我在以下着色器代码上获得了太多指令槽:
float2 texture_size;
float4x4 matrixTransform;
const static float coef = 2.0;
const static float3 yuv_weighted = float3(14.352, 28.176, 5.472);
sampler decal : register(s0);
float4 df(float4 A, float4 B)
{
return abs(float4(A.x - B.x, A.y - B.y, A.z - B.z, A.w - B.w));
}
float4 weighted_distance(float4 a, float4 b, float4 c, float4 d, float4 e, float4 f, float4 g, float4 h)
{
return (df(a, b) + df(a, c) + df(d, e) + df(d, f) + 4.0 * df(g, h));
}
float4 main_vertex(inout float4 color : COLOR0, inout float2 texCoord : TEXCOORD0, inout float4 position : POSITION0) : TEXCOORD1
{
float2 ps = float2(1.0 / texture_size.x, 1.0 / texture_size.y);
float4 t1;
t1.xy = float2(ps.x, 0); // F
t1.zw = float2(0, ps.y); // H
position = mul(position, matrixTransform);
return t1;
}
/* FRAGMENT SHADER */
float4 main_fragment(float4 p : POSITION0, float2 tex0 : TEXCOORD0, float4 tex1 : TEXCOORD1) : COLOR0
{
bool4 edr, edr_left, edr_up, px; // px = pixel, edr = edge detection rule
bool4 ir_lv1, ir_lv2_left, ir_lv2_up;
bool4 nc; // new_color
bool4 fx, fx_left, fx_up; // inequations of straight lines.
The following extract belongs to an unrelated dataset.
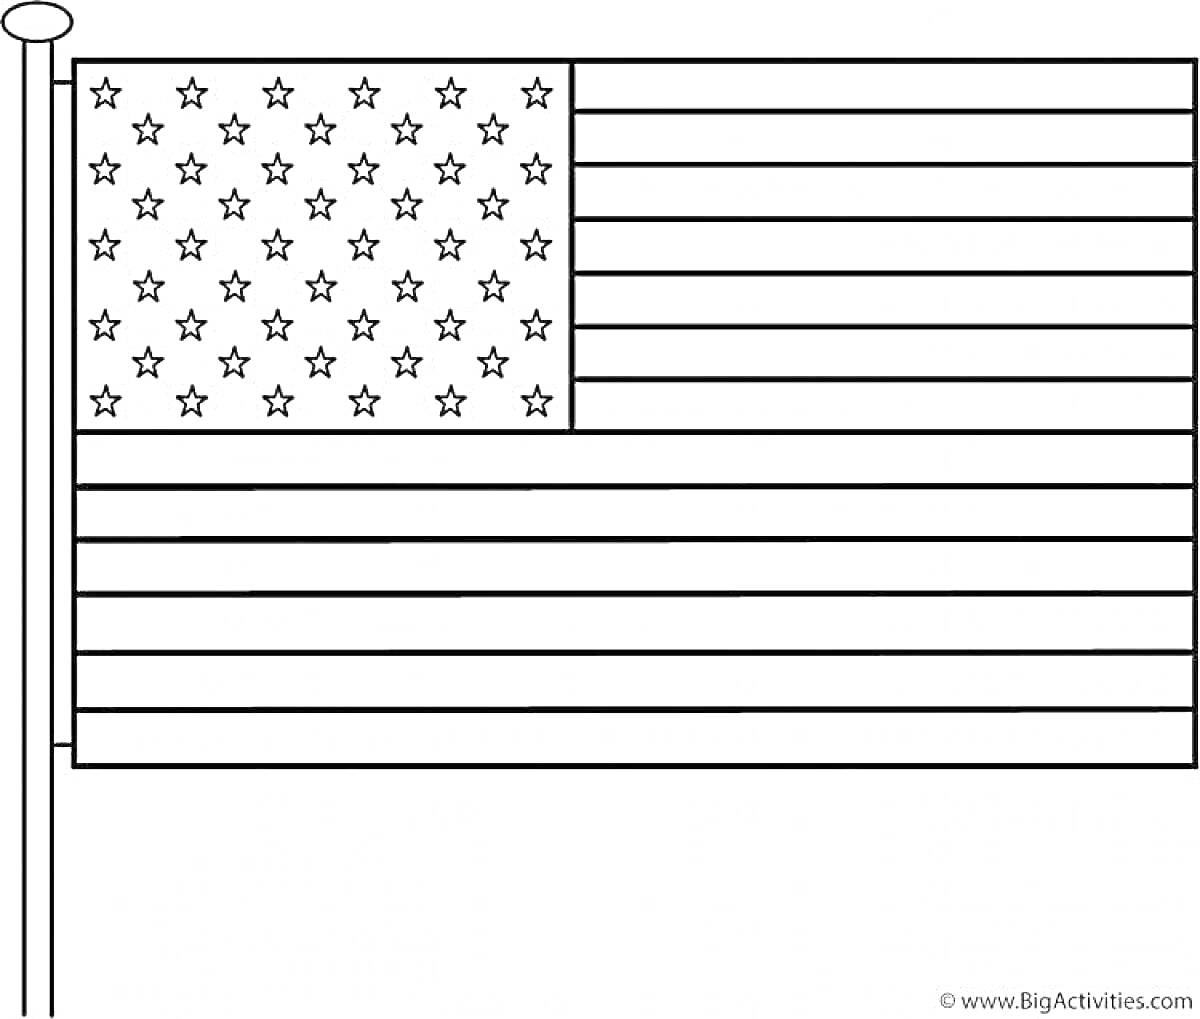 Раскраска Флаг США с 50 звездами и 13 полосами на флагштоке для раскрашивания

float2 fp = frac(tex0 * texture_size);
float2 dx = tex1.xy;
float2 dy = tex1.zw;
float3 A = tex2D(decal, tex0 - dx - dy).xyz;
float3 B = tex2D(decal, tex0 - dy).xyz;
float3 C = tex2D(decal, tex0 + dx - dy).xyz;
float3 D = tex2D(decal, tex0 - dx).xyz;
float3 E = tex2D(decal, tex0).xyz;
float3 F = tex2D(decal, tex0 + dx).xyz;
float3 G = tex2D(decal, tex0 - dx + dy).xyz;
float3 H = tex2D(decal, tex0 + dy).xyz;
float3 I = tex2D(decal, tex0 + dx + dy).xyz;
float3 A1 = tex2D(decal, tex0 - dx - 2.0 * dy).xyz;
float3 C1 = tex2D(decal, tex0 + dx - 2.0 * dy).xyz;
float3 A0 = tex2D(decal, tex0 - 2.0 * dx - dy).xyz;
float3 G0 = tex2D(decal, tex0 - 2.0 * dx + dy).xyz;
float3 C4 = tex2D(decal, tex0 + 2.0 * dx - dy).xyz;
float3 I4 = tex2D(decal, tex0 + 2.0 * dx + dy).xyz;
float3 G5 = tex2D(decal, tex0 - dx + 2.0 * dy).xyz;
float3 I5 = tex2D(decal, tex0 + dx + 2.0 * dy).xyz;
float3 B1 = tex2D(decal, tex0 - 2.0 * dy).xyz;
float3 D0 = tex2D(decal, tex0 - 2.0 * dx).xyz;
float3 H5 = tex2D(decal, tex0 + 2.0 * dy).xyz;
float3 F4 = tex2D(decal, tex0 + 2.0 * dx).xyz;
float4 b = mul(float4x3(B, D, H, F), yuv_weighted);
float4 c = mul(float4x3(C, A, G, I), yuv_weighted);
float4 e = mul(float4x3(E, E, E, E), yuv_weighted);
float4 d = b.yzwx;
float4 f = b.wxyz;
float4 g = c.zwxy;
float4 h = b.zwxy;
float4 i = c.wxyz;
float4 i4 = mul(float4x3(I4, C1, A0, G5), yuv_weighted);
float4 i5 = mul(float4x3(I5, C4, A1, G0), yuv_weighted);
float4 h5 = mul(float4x3(H5, F4, B1, D0), yuv_weighted);
float4 f4 = h5.yzwx;
float4 Ao = float4(1.0, -1.0, -1.0, 1.0);
float4 Bo = float4(1.0, 1.0, -1.0, -1.0);
float4 Co = float4(1.5, 0.5, -0.5, 0.5);
float4 Ax = float4(1.0, -1.0, -1.0, 1.0);
float4 Bx = float4(0.5, 2.0, -0.5, -2.0);
float4 Cx = float4(1.0, 1.0, -0.5, 0.0);
float4 Ay = float4(1.0, -1.0, -1.0, 1.0);
float4 By = float4(2.0, 0.5, -2.0, -0.5);
float4 Cy = float4(2.0, 0.0, -1.0, 0.5);
// These inequations define the line below which interpolation occurs.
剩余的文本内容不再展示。